= Indonesia Women Seven Summits Expedition =

The Indonesia Women Seven Summits Expedition was a team of Indonesian women with a stated objective to scale all Seven Summits (the "Messner version") within two years, starting on August 17, 2014 (Indonesian Independence Day). The team's mission was to promote sexual equality, following the eponymic Indonesia Seven Summits Expedition, which would not admit female mountaineers. On May 17, 2018, the two most senior female members scaled Mount Everest, the final summit of the expedition.

== Mission ==
At the time of the formation of the Indonesia Women Seven Summits Expedition, only 33 of 348 mountaineers who had completed the Seven Summits mountaineering challenge were women, among which none were Indonesian. The mission of the expedition was to express to the world that Indonesian women are no less capable than their male counterparts.

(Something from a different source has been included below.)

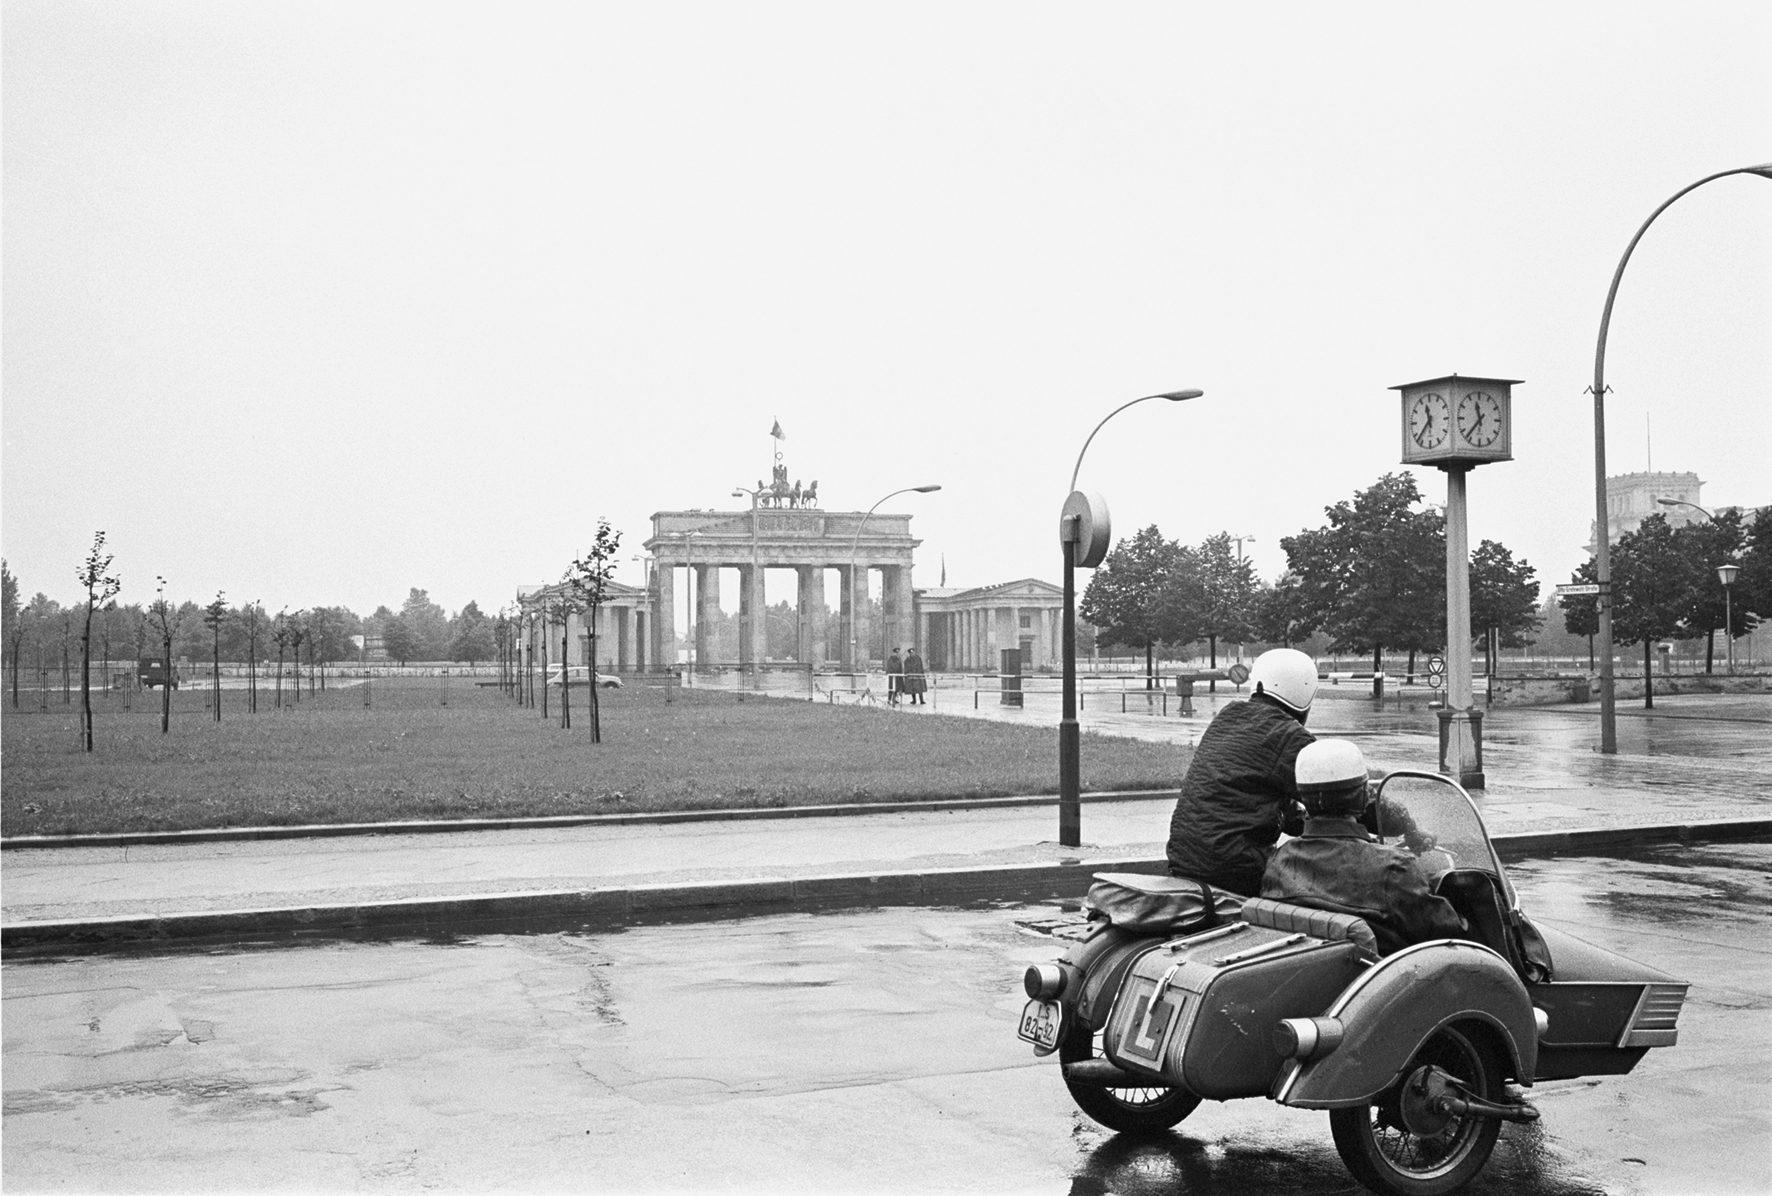 Johannes Haile, Berlin, 1962. Photo. Courtesy of the ifa Gallery Berlin/Stuttgart

== 2014-2016 women team member expedition ==
All the members of the women team were students of Parahyangan Catholic University:
- Fransiska Dimitri Inkiriwang (completed all summits)
- Mathilda Dwi Lestari (completed all summits)
- Dian Indah Carolina (up to Aconcagua)
- Zulfika Sari DW (completed Carstensz Pyramid)

== Order of Summits ==
The team's plan was to scale the mountains in the order of:

- Carstensz Pyramid, Indonesia, Oceania
- Elbrus, Russia, Europe
- Kilimanjaro, Tanzania, Africa
- Aconcagua, Argentina, South America
- Vinson Massif, Antarctica
- Denali, Alaska, North America
- Mount Everest, Nepal, Asia

== Carstensz Pyramid ==
Also known as Puncak Jaya, the Carstensz Pyramid is located in the team's home base country of Indonesia, and several Indonesian climbers had scaled it previously. With eight other climbers, the team successfully reached the Carstensz Pyramid (4,884 meters above sea level) on August 17, 2014. There, the team notably replaced and fixed the climbing rope on the mountain.

==Elbrus==
The team scaled Mount Elbrus on May 15, 2015.

==Kilimanjaro==
Five days after scaling Mount Elbrus, on May 20, 2015, the team began to climb Mount Kilimanjaro via the Machame Gate. Four days later, on May 24, 2015, the team reached the summit of Mount Kilimanjaro.

==Aconcagua==
The team scaled Mount Aconcagua on January 31, 2016.

==Vinson Massif==
The team scaled the Vinson Massif on January 4, 2017.

==Denali==
The team reached the summit of Denali on July 1, 2017 (local time, AKTZ), after 13 days of climbing. Members Fransiska and Mathilda were the 34th and 35th women to have scaled Denali, respectively.

==Everest==
The two most senior members of the Indonesia Women Seven Summits Expedition reached an altitude of 7,020 meters on Mount Everest on May 1, 2018. However, they subsequently had to descend to the Advanced Base Camp (ABC) at 6,400 meters to maximize the acclimation process. After several days, on May 17, 2018, the pair departed from Camp 3, (8,271 meters above mean sea level), and reached the summit on the same day. At 05:50 am (local time, GMT+8) that day, a year and 11 months after the stated deadline, an Indonesian flag was planted atop Mount Everest.

==Notes==
- Fransiska Dimitri Inkiriwang and Mathilda Dwi Lestari are, respectively, the first and second (by a matter of seconds) Southeast Asian women to scale the Seven Summits.
- Achieved in 3 years and 11 months, the team missed their goal of 2 years, to beat the Indonesia Seven Summits Expedition male team.